Che potere avrebbe il Comune con questo piano?
Potrebbe negare l’autorizzazione alla ditta che vuole installare l’antenna e spingere invece per le localizzazioni individuate. Il Tar e il Consiglio di Stato hanno già dato ragione ai Comuni virtuosi che hanno adottato il piano delle antenne, premiandoli nel braccio di ferro coi gestori di telefonia. Il problema è di pianificazione del territorio: oggi tocca al Cavallo, domani potrebbe coinvolgere il lungomare…

Sui social i commenti si sprecano, anche contro il comitato: ci sono tante persone che vorrebbero l’antenna pur di far funzionare il proprio cellulare…

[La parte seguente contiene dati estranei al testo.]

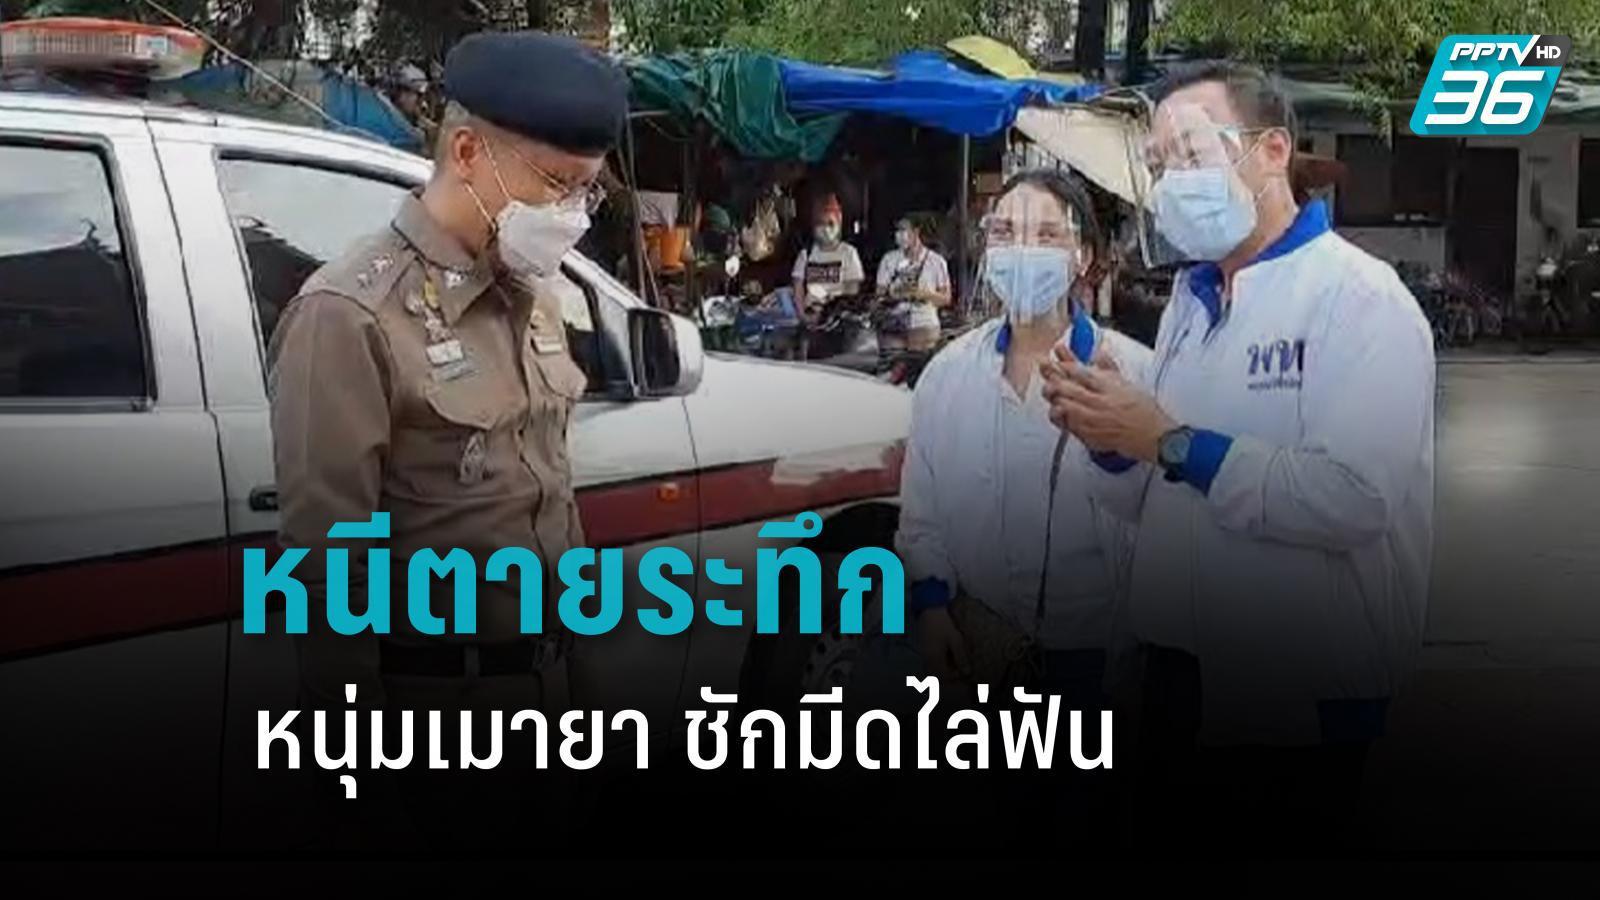 สมาชิกเพื่อไทย หนีตาย หลังเคาะประตูบ้านแจกแมสก์ เจอหนุ่มเมายาไล่ฟัน

Rabbrividisco di fronte a certi commenti: se l’antenna è sulla testa degli altri, allora gli altri diventano i censori. Tutti vogliamo che il cellulare prenda, tutti parliamo al telefono, ma vorremmo vedere rispettate le leggi e dal Comune una maggiore sensibilità. C’è un’ignoranza politica e giuridica: ci sono aree con minor impatto paesaggistico o non residenziali dove poter individuare dei punti per la dislocazione delle antenne, sempre ascoltando i cittadini. Se l’amministrazione comunale l’avesse elaborato questo piano appena insediata, oggi non ci ritroveremmo a questo punto.